WHAT YOU SHOULD DO >>
In the data below, the answer is the run of lines from the line containing "Međunarodnim kongresom Štamparovi" through the line containing "NIU Body Glow Luminizing Facial Serum", both included; print it exactly and nothing else.

### THE DATA

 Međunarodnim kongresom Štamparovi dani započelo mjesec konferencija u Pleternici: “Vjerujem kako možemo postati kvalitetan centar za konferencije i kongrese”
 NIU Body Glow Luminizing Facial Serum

######
### THE DATA

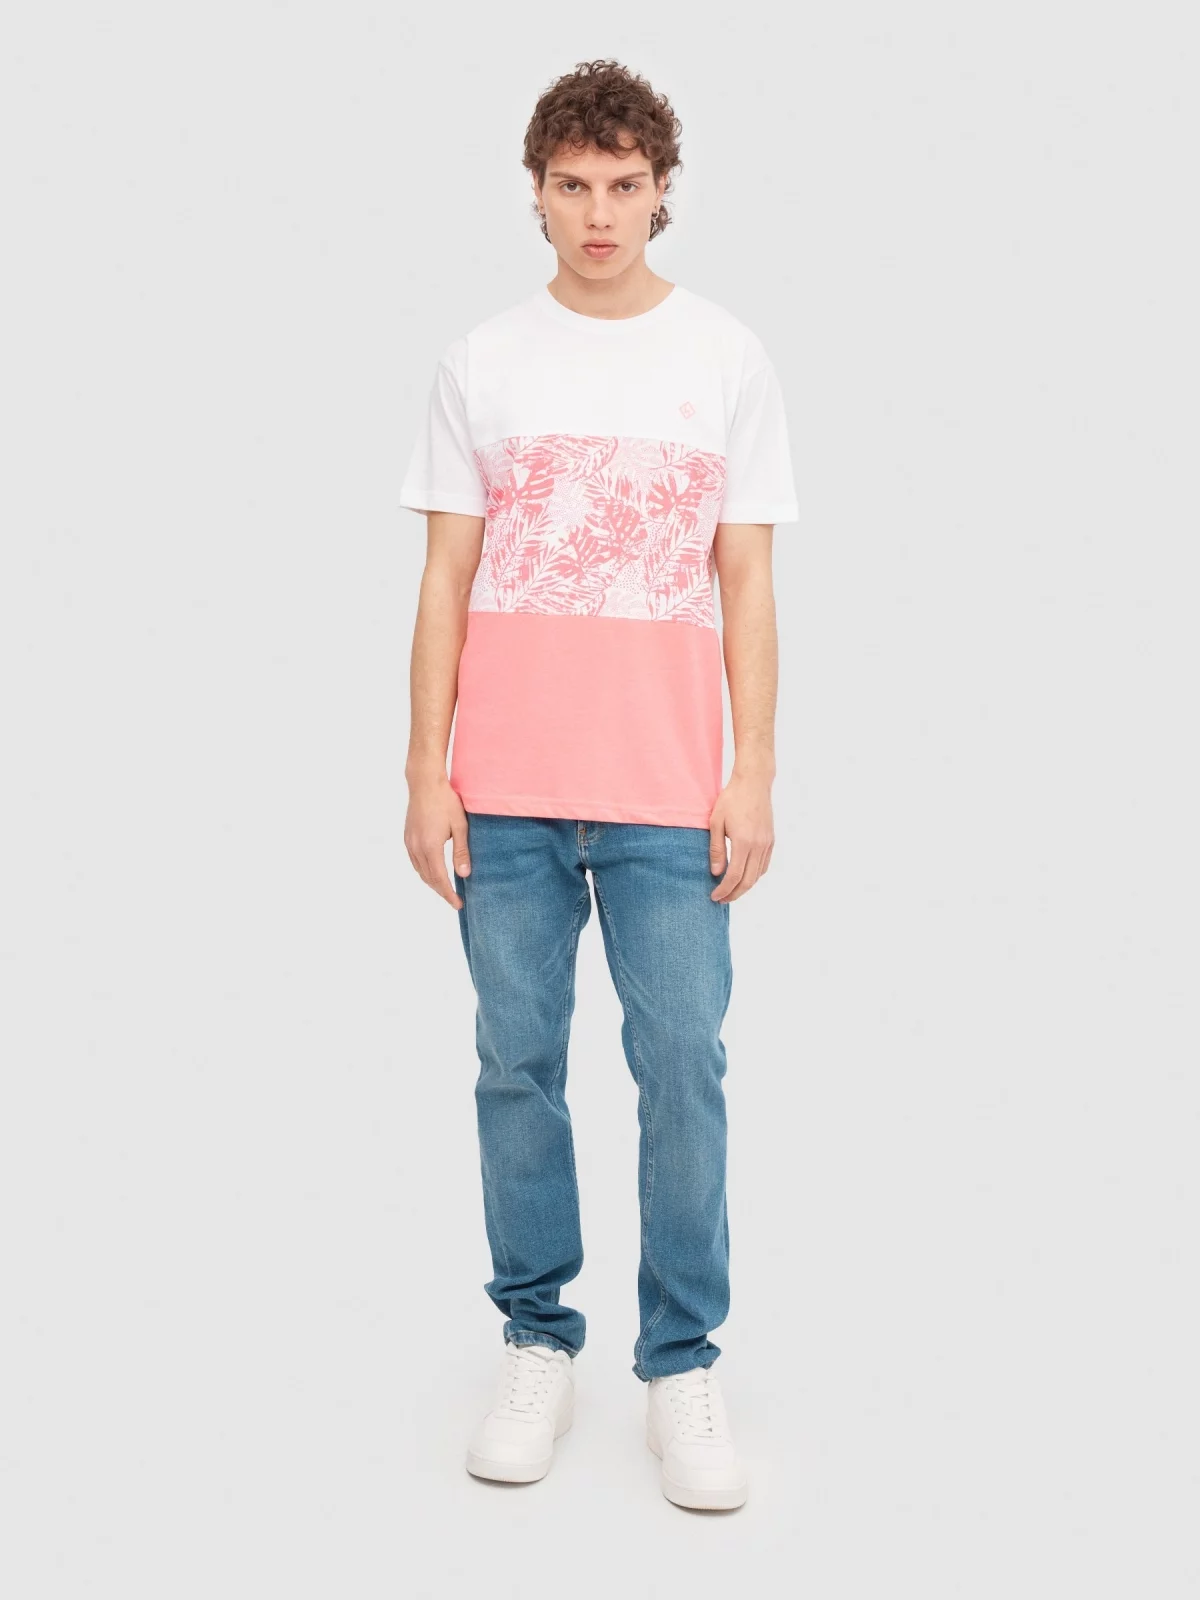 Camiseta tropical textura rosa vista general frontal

######

EXERCISE RESPONSE >>
 Međunarodnim kongresom Štamparovi dani započelo mjesec konferencija u Pleternici: “Vjerujem kako možemo postati kvalitetan centar za konferencije i kongrese”
 NIU Body Glow Luminizing Facial Serum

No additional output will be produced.